Cómo reconocer una intoxicación
Uno de los mayores desafíos que presenta el monóxido de carbono es que sus síntomas suelen confundirse con una gripe o una mala digestión.
Por ello, cuando estas manifestaciones aparecen mientras una persona permanece en un ambiente calefaccionado, es fundamental sospechar de una posible intoxicación.
Los síntomas más frecuentes son:
- Dolor de cabeza intenso.
- Náuseas y vómitos.
- Mareos y debilidad.
- Somnolencia o pérdida del conocimiento.
Reconocer estas señales de alerta puede permitir una intervención temprana y evitar consecuencias mayores.
Qué hacer ante la menor sospecha
Frente a una posible intoxicación por monóxido de carbono, actuar con rapidez es determinante.
Las medidas recomendadas son:
- Abrir puertas y ventanas para permitir el ingreso de aire fresco.
- Salir inmediatamente al aire libre.
- Acudir al centro de salud más cercano.
Estas acciones deben realizarse ante la menor sospecha de presencia de monóxido de carbono en el ambiente.

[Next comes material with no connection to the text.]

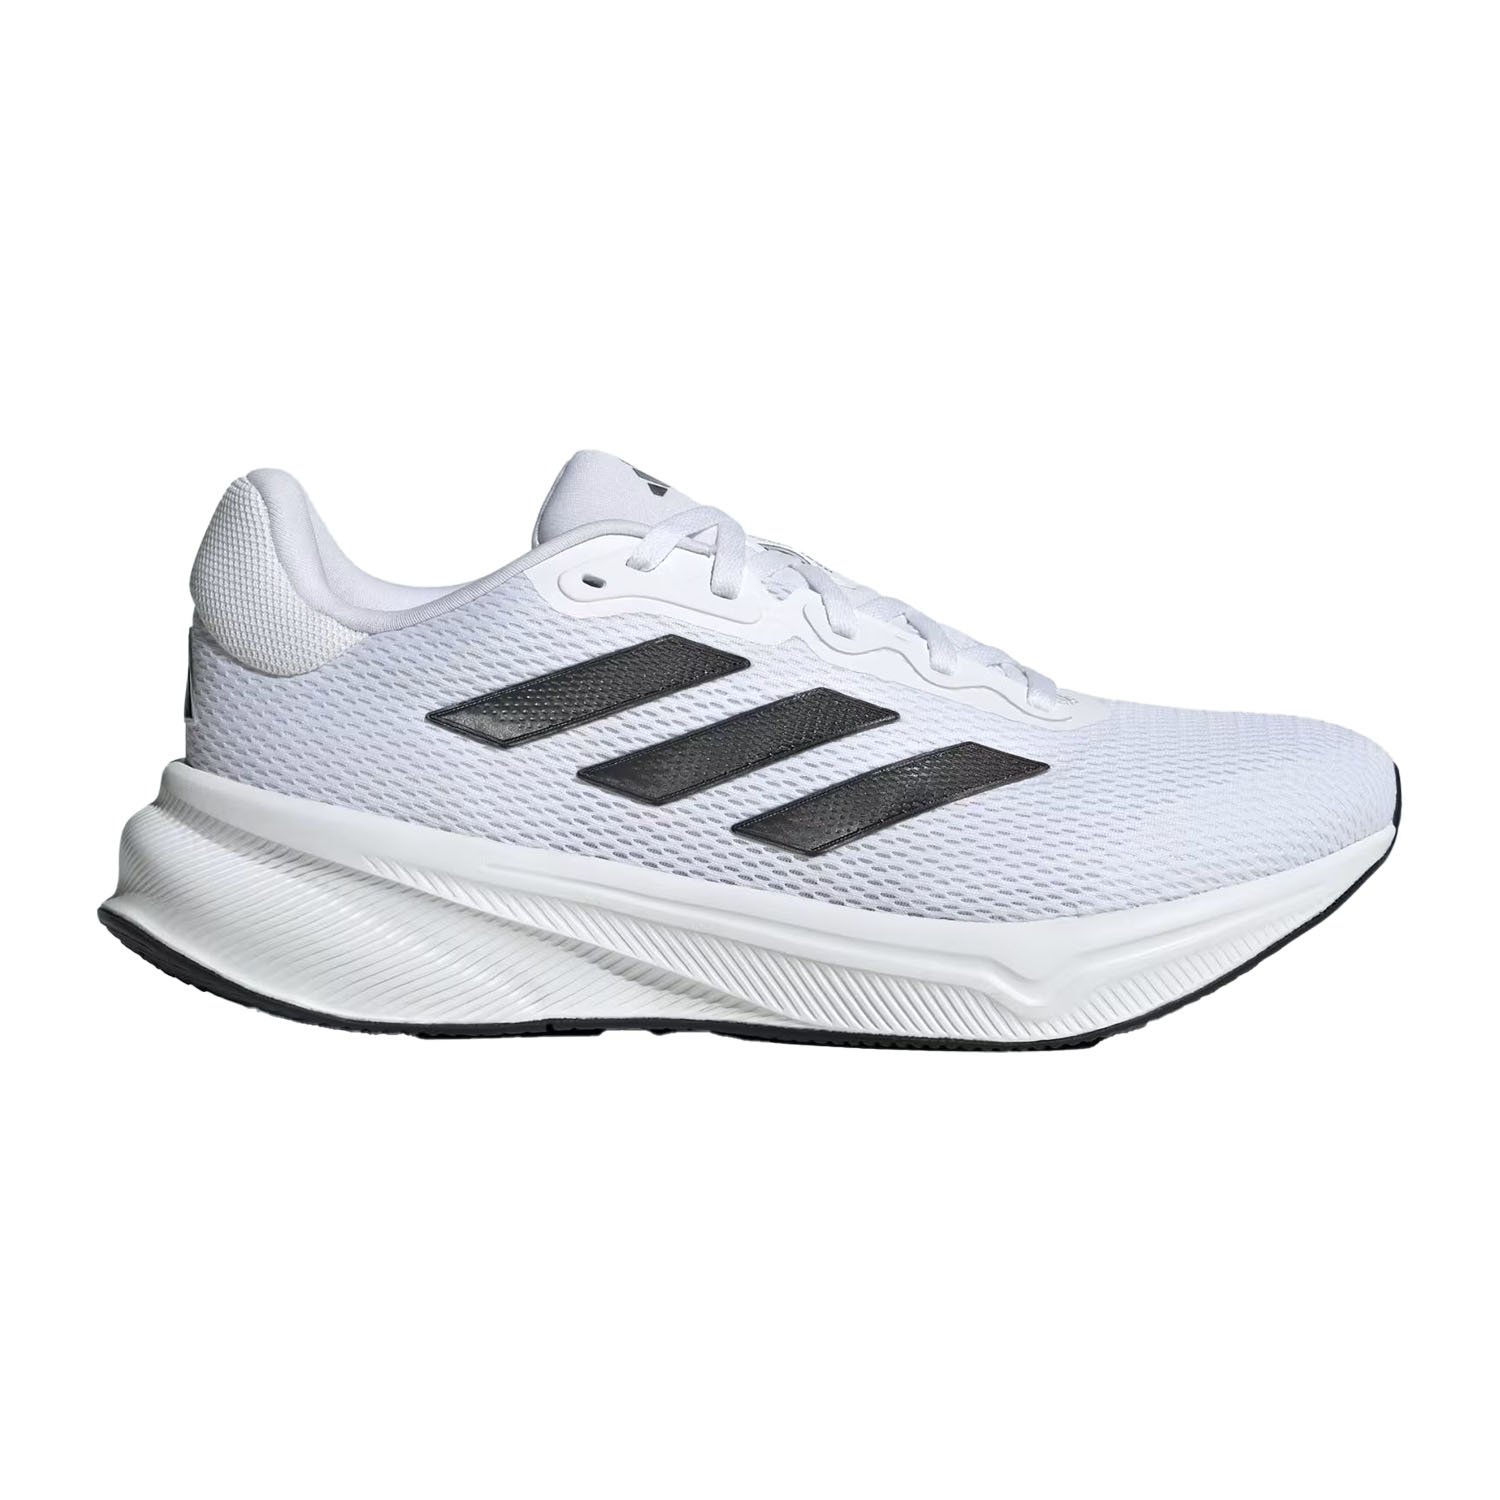 Adidas Response Erkek Koşu Ayakkabısı - Beyaz - 1

Un aliado para la prevención
Además de todas las medidas de mantenimiento, ventilación y uso responsable de los artefactos, existe una herramienta adicional que puede aportar un margen extra de seguridad.
Se recomienda considerar la instalación de un detector doméstico de monóxido de carbono. Se trata de dispositivos económicos que emiten una alarma sonora cuando detectan niveles peligrosos del gas, brindando el tiempo necesario para reaccionar y abandonar el lugar antes de que la situación se agrave.
En una época del año donde la calefacción se vuelve indispensable, la prevención continúa siendo la herramienta más efectiva para evitar intoxicaciones. La revisión periódica de los artefactos, la ventilación permanente de los ambientes, el uso correcto de los sistemas de calefacción y la rápida identificación de los síntomas constituyen medidas esenciales para proteger la salud y reducir el riesgo que representa el monóxido de carbono, un enemigo invisible que cada invierno vuelve a poner en alerta a los hogares.